You try mitmproxy. SSL Pinning. You try Frida to bypass it. The app uses certificate transparency. You decompile the APK. It's talking directly to Firestore. There's no REST API. There never was.

Modern apps are increasingly unscrapable by design:

What you tried Why it failed
HTTP proxy (Charles, mitmproxy, Fiddler) SSL Pinning / Certificate Transparency
API reverse engineering No REST API — direct database (Firestore, iCloud, Realm Sync)
Web scraping No web version exists
APK decompilation Obfuscated, or uses proprietary binary protocols
Browser automation App is mobile-only, no WebView

You've exhausted every option. This is your last resort.

The Insight

Every app that displays data to a human is, by definition, rendering that data on screen. The screen is a universal, unblockable API. No amount of SSL Pinning, certificate transparency, or proprietary protocols can prevent an app from showing its own data to its own user.

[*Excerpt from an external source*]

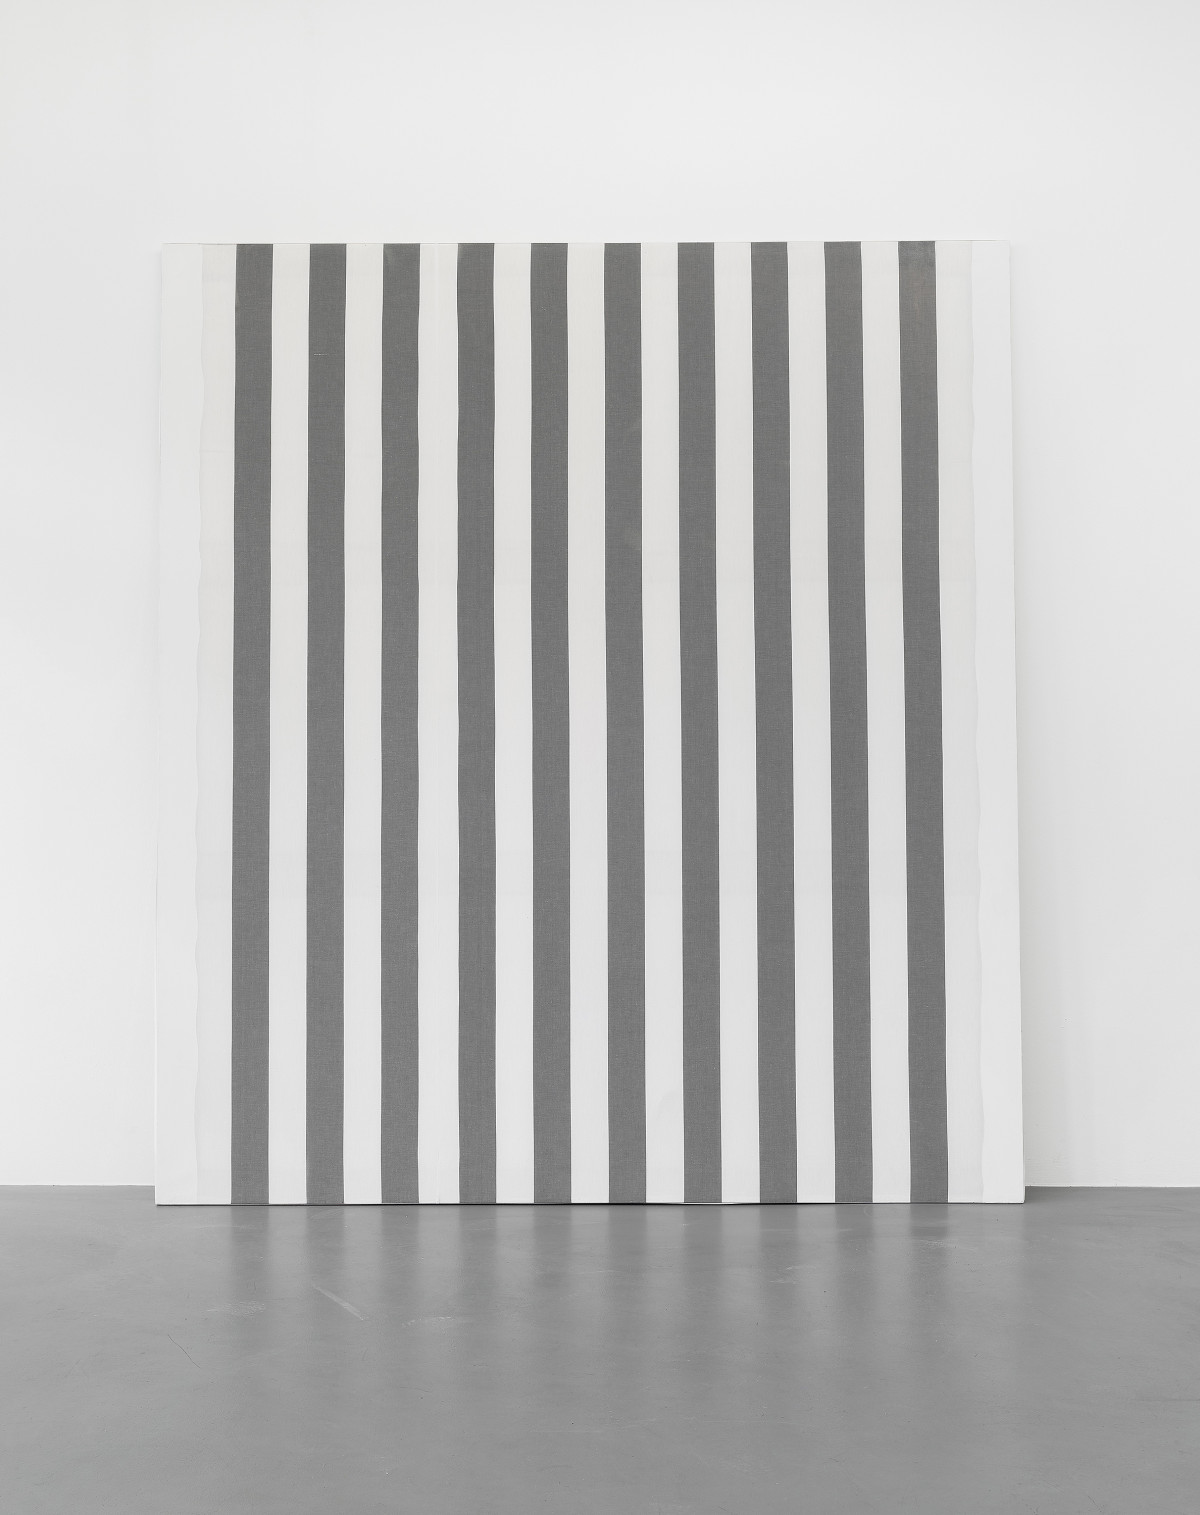 Daniel Buren, ‘Peinture acrylique blanche sur tissu rayé blanc et noir’, 1966, Acryl auf Markisenstoff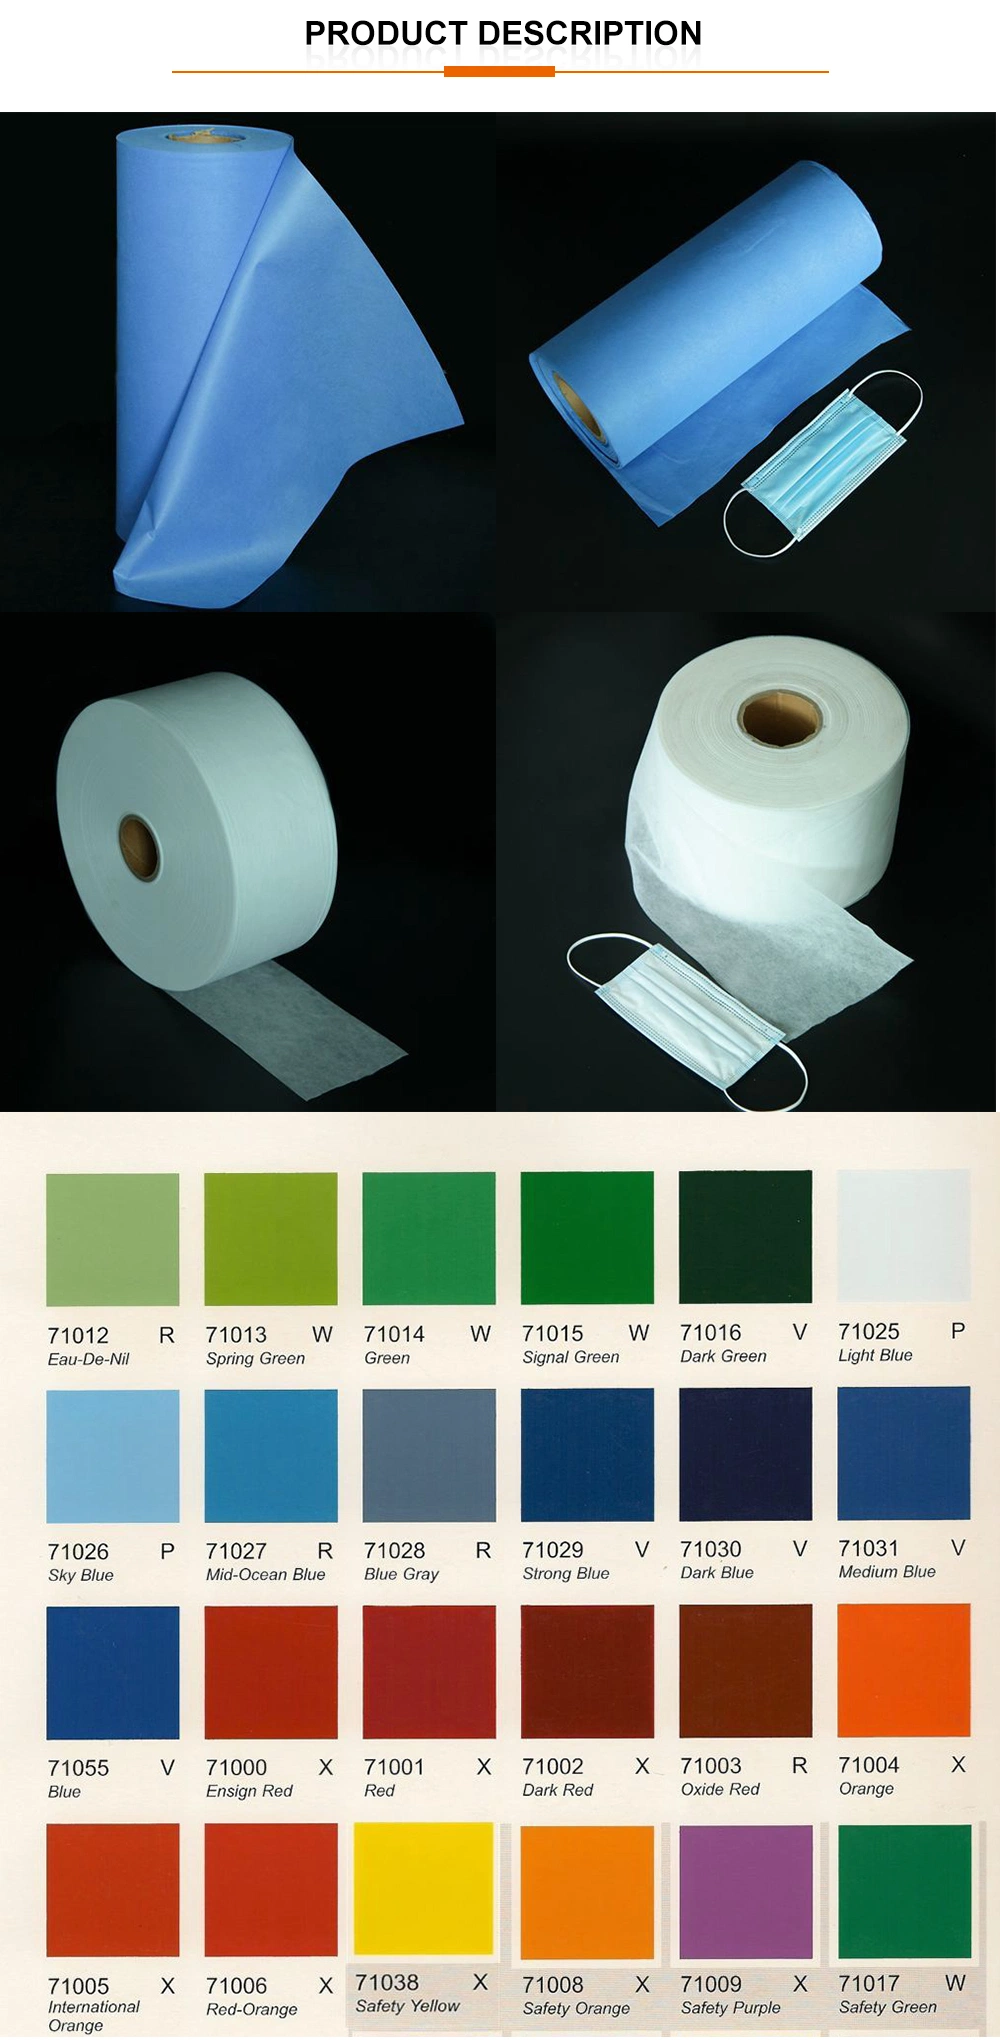 Biodegradable PP Spunbond Non Woven Fabric

┌─────────────────────────────────────────────────────────────┐
│                                                             │
│    Database ──→ Encrypted Channel ──→ App Logic ──→ Screen  │
│         🔒            🔒                 🔒          👁️    │
│    you can't       you can't         you can't     you CAN  │
│    access this     intercept this    reverse this  read this │
│                                                             │
└─────────────────────────────────────────────────────────────┘

lastresort turns this insight into a practical, repeatable methodology — assisted by AI to make it fast.

How It Works

┌──────────┐     ┌──────────────┐     ┌────────────────┐     ┌──────────┐
│  Android  │     │     UI       │     │   Extraction   │     │  Struct  │
│  Device   │────→│  Automation  │────→│   Pipeline     │────→│  Data    │
│  (ADB)    │     │ (uiautomator2)    │ (parse + OCR)  │     │  (CSV)   │
└──────────┘     └──────────────┘     └────────────────┘     └──────────┘
                        │                     │
                   Navigate,             Read element
                   scroll,               attributes,
                   tap, swipe            screenshot + OCR
  1. Connect to a real Android device via ADB
  2. Automate the app UI — scroll through lists, tap into details, swipe between tabs
  3. Extract data from UI element attributes (content-desc, text, resourceId) or via OCR on screenshots
  4. Output structured data (CSV, JSON, etc.)

What Makes This Different

There are plenty of UI automation tools. Here's what lastresort adds:

1. A battle-tested methodology

Not "here's an API, go figure it out" — but a step-by-step methodology born from actually scraping apps that fight back:

  1. Recon — Map the app's UI element structure
  2. Identify data carriers — Find where data hides (content-desc? pixels? nowhere obvious?)
  3. Map navigation traps — Does pressing back reset your scroll? Do filters clear?
  4. Design collection phases — Split work to survive navigation side effects
  5. Build extraction pipeline — Element parsing with OCR fallback

2. AI makes this practical

The traditional approach to UI automation scraping is agonizing — manually inspecting elements, writing brittle selectors, debugging scroll timing. AI coding agents change the game:

  • Screenshot a page → AI analyzes the element structure and suggests extraction logic
  • Paste a content-desc blob → AI writes the parser function
  • "The scroll keeps missing element #47" → AI adjusts timing and scale parameters
  • "OCR can't read this" → AI adds image preprocessing and fallback strategies

What used to take a week of trial-and-error now takes an afternoon of conversation. See the AI-assisted workflow guide.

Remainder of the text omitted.